* Problem details: When you write out the listing, keep every word as it stands and drop the pictures.

* Exercise data:
···

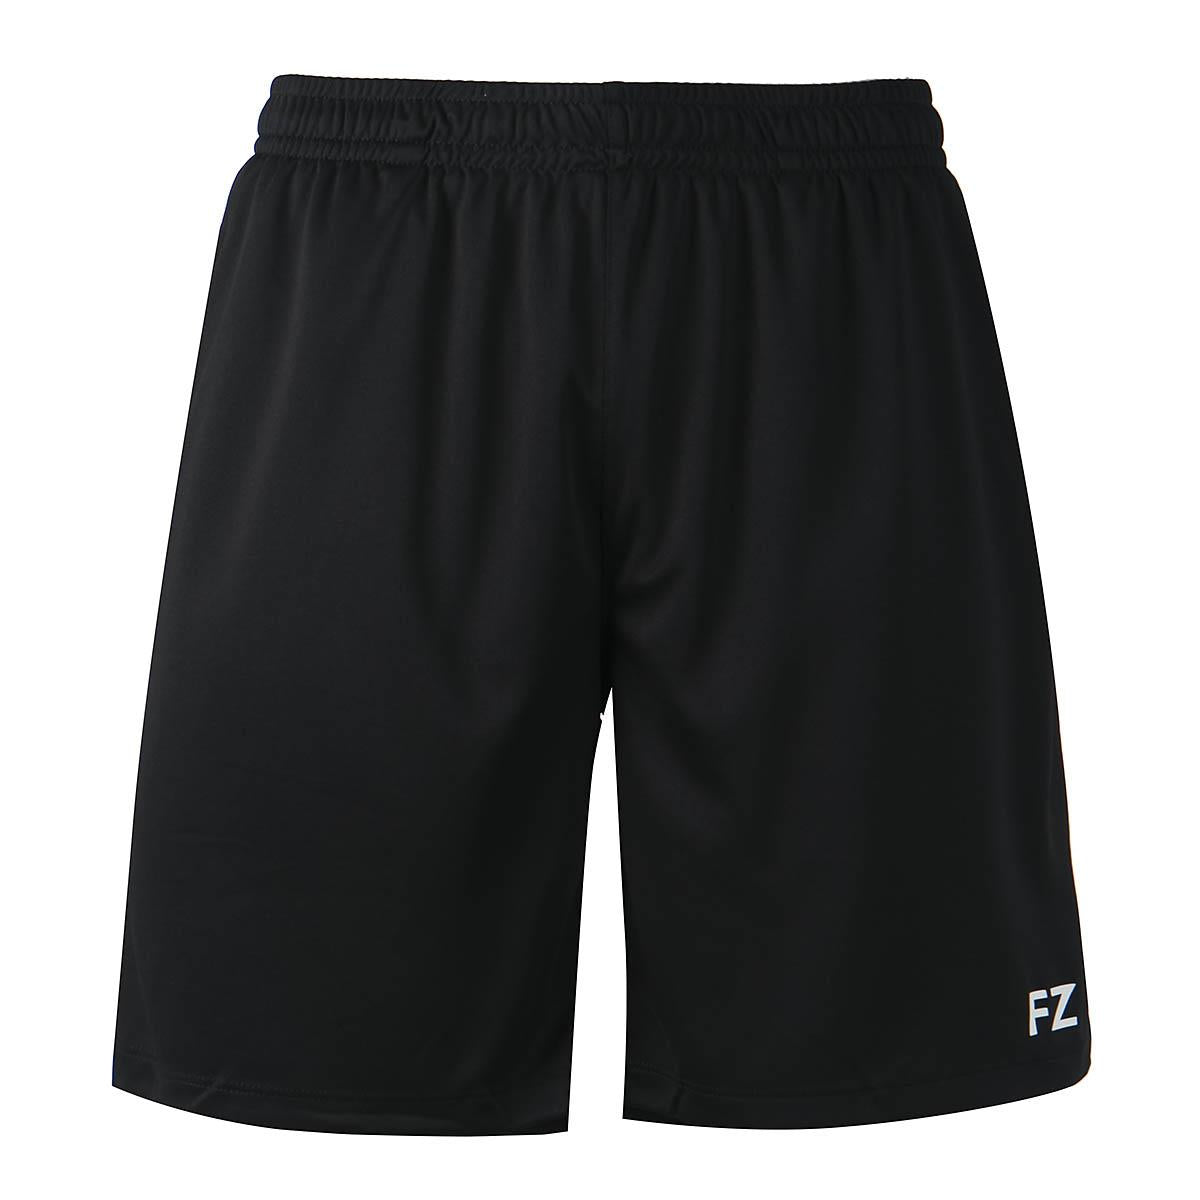 FZ Forza Lindos 2 in 1 Mens Badminton Shorts - Black
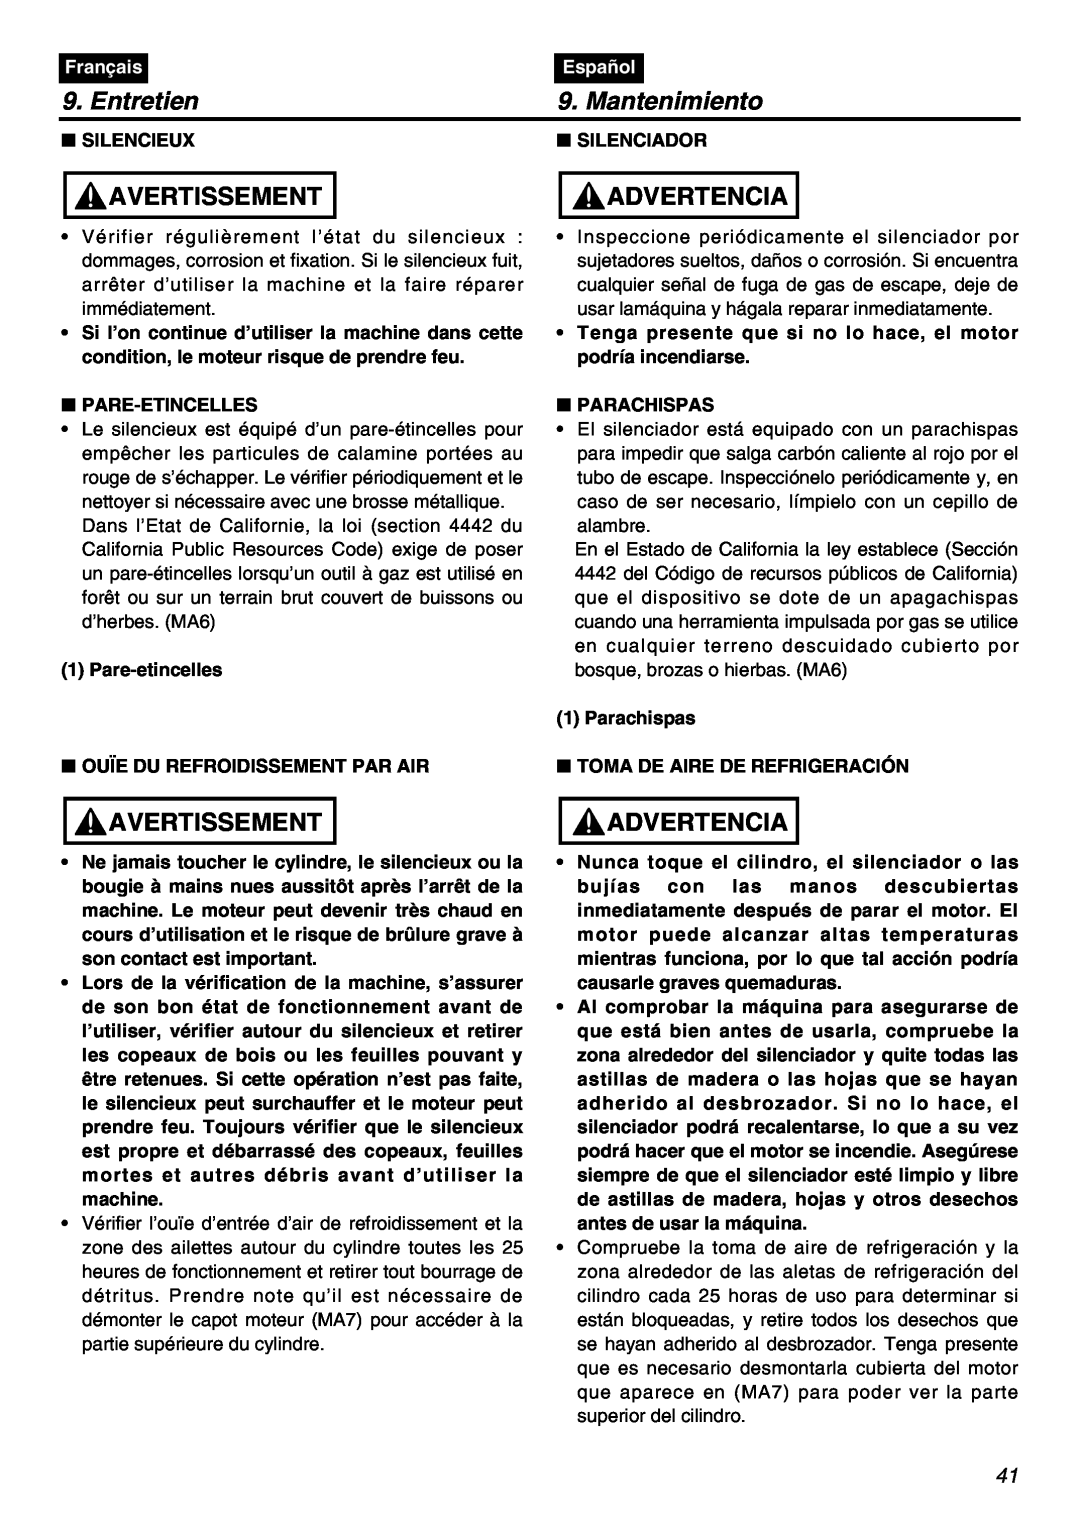 Univex SRTZ2401-CA manual Entretien, Mantenimiento, Avertissement, Advertencia, Français, Español, Silencieux, Silenciador 
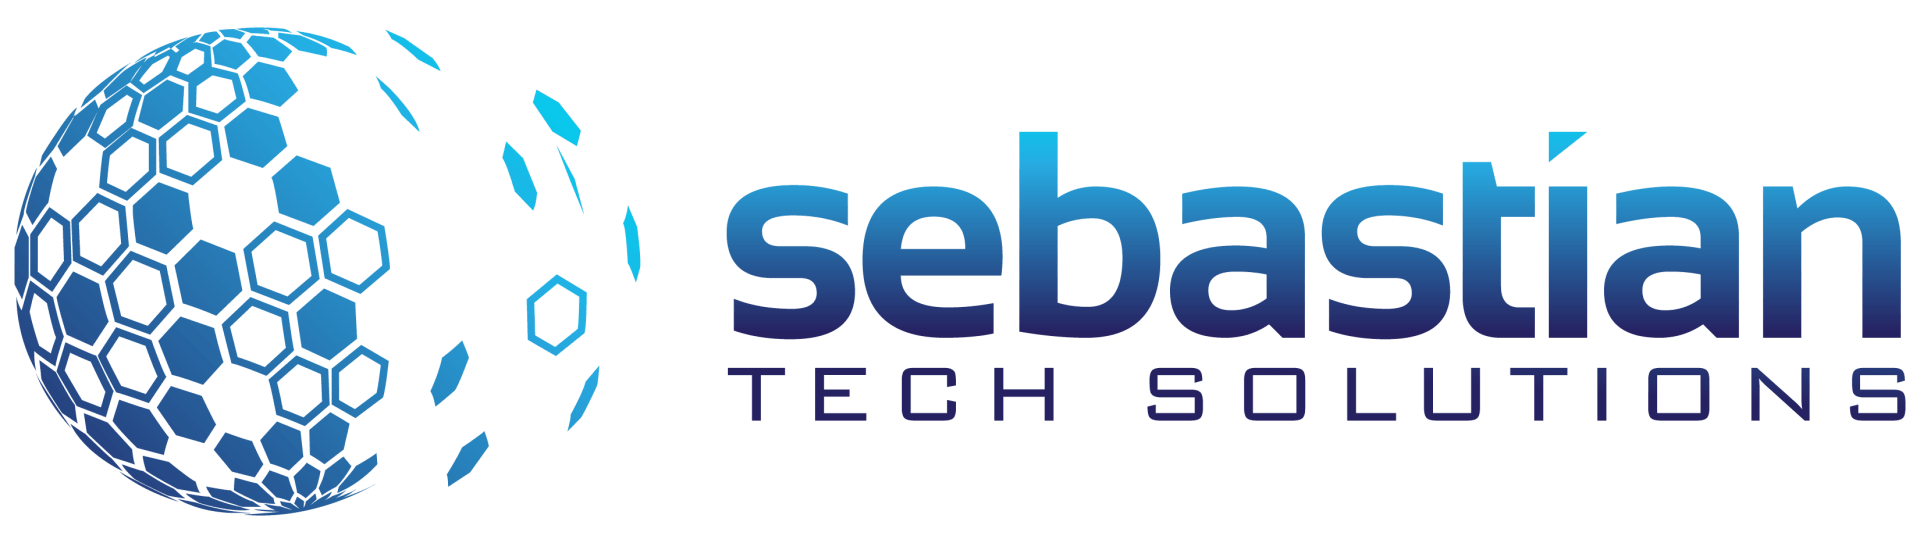 Sebastian Tech Solutions Logo: A ball of blue hexagons slowly disintegrating.
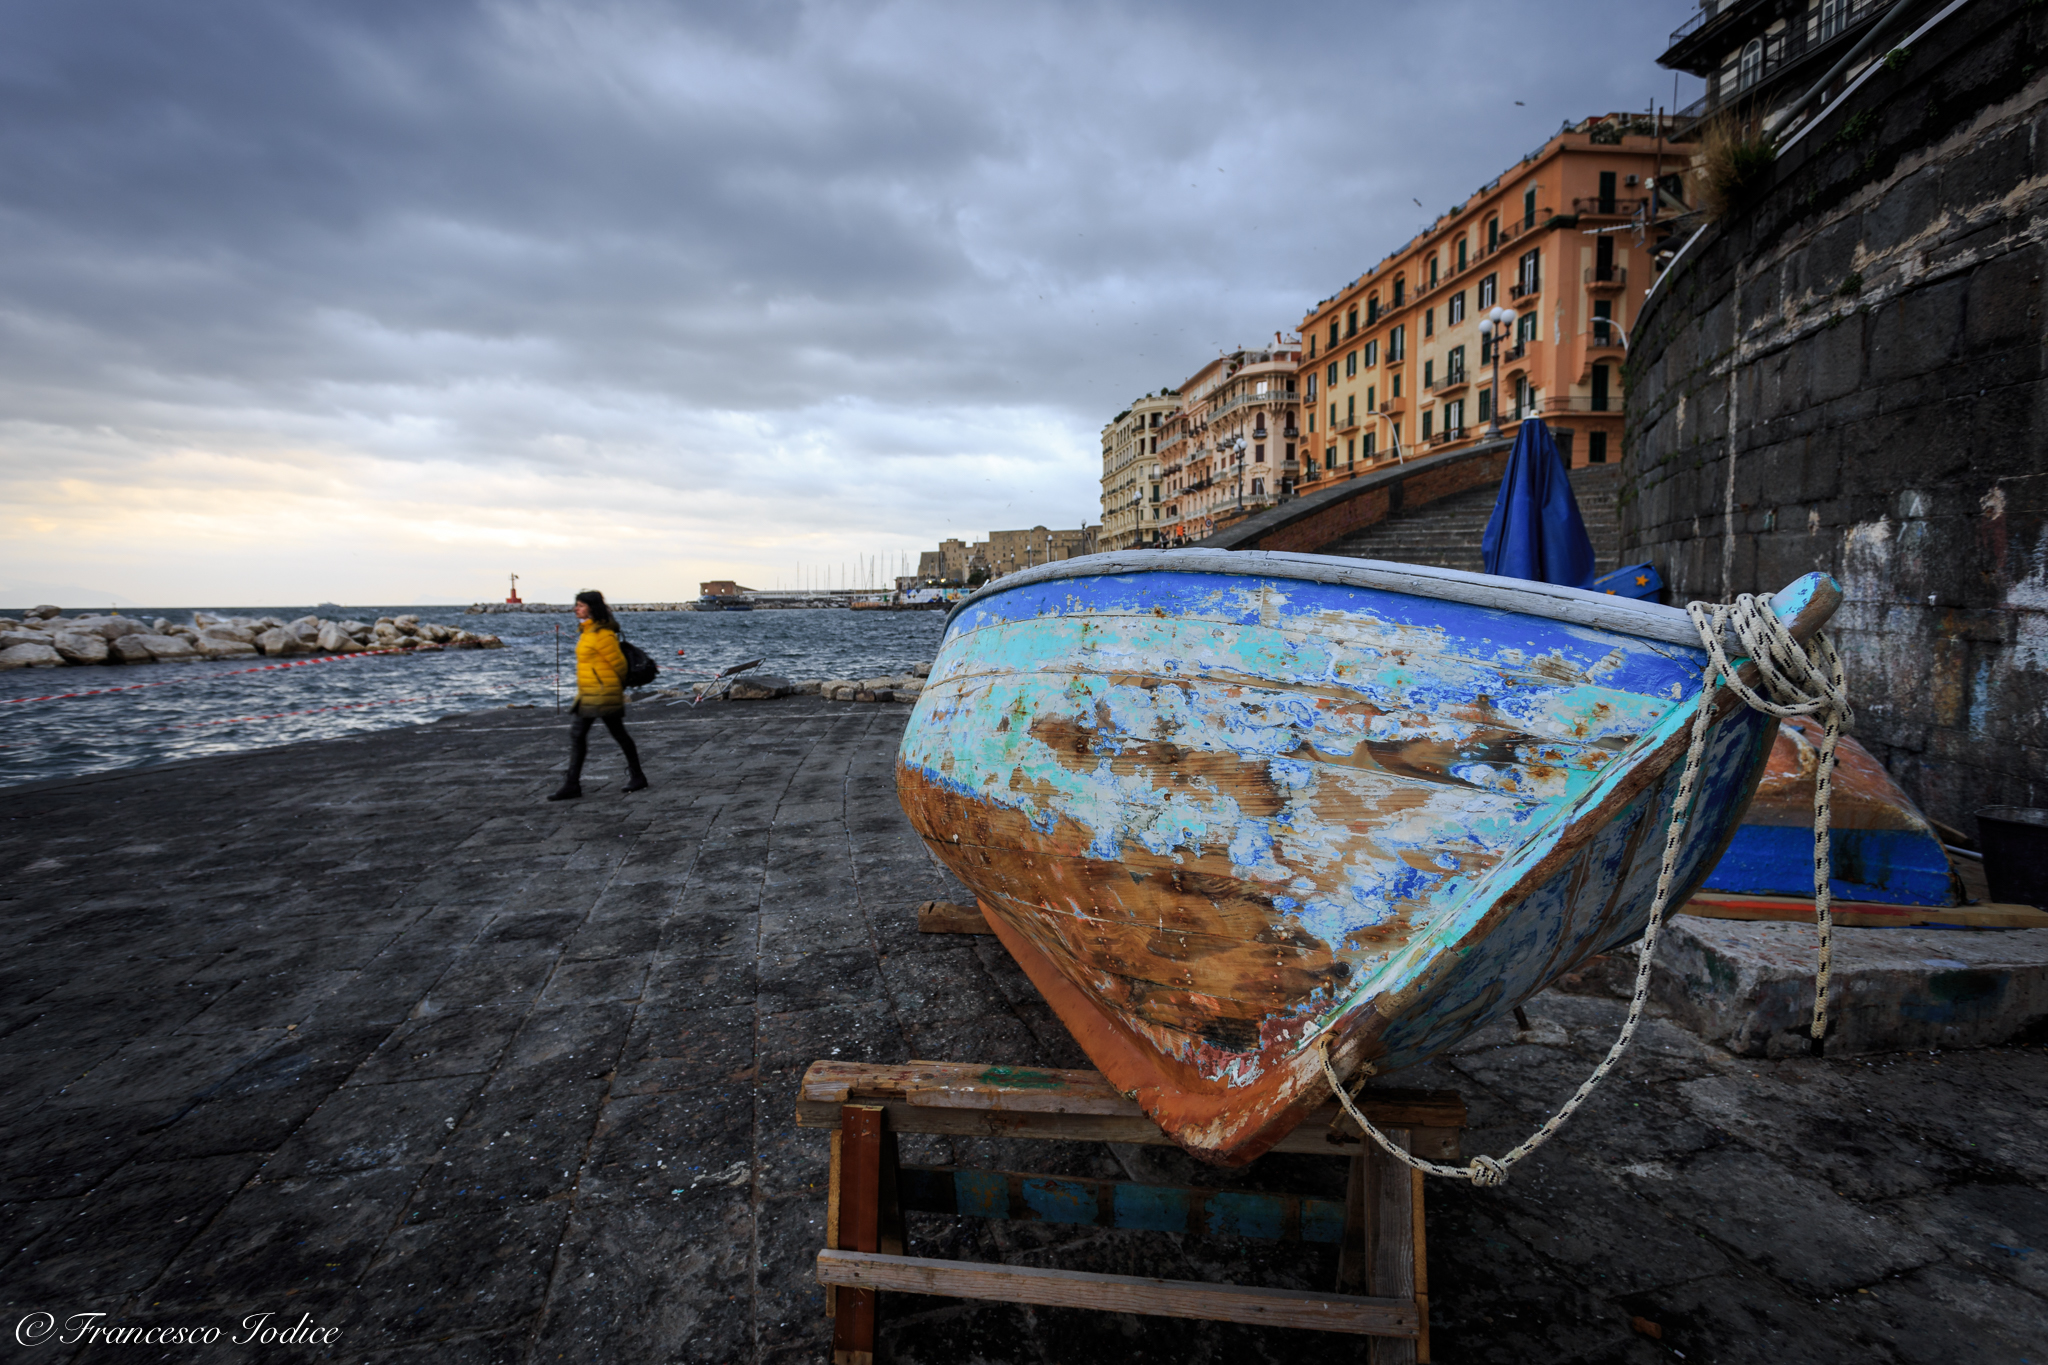 Waterfront, Naples...

···

* Answer to this task:
 FZ Forza Lindos 2 in 1 Mens Badminton Shorts - Black
 Univex SRTZ2401-CA manual Entretien, Mantenimiento, Avertissement, Advertencia, Français, Español, Silencieux, Silenciador 
 Sebastian Tech Solutions Logo: A ball of blue hexagons slowly disintegrating.
 Waterfront, Naples...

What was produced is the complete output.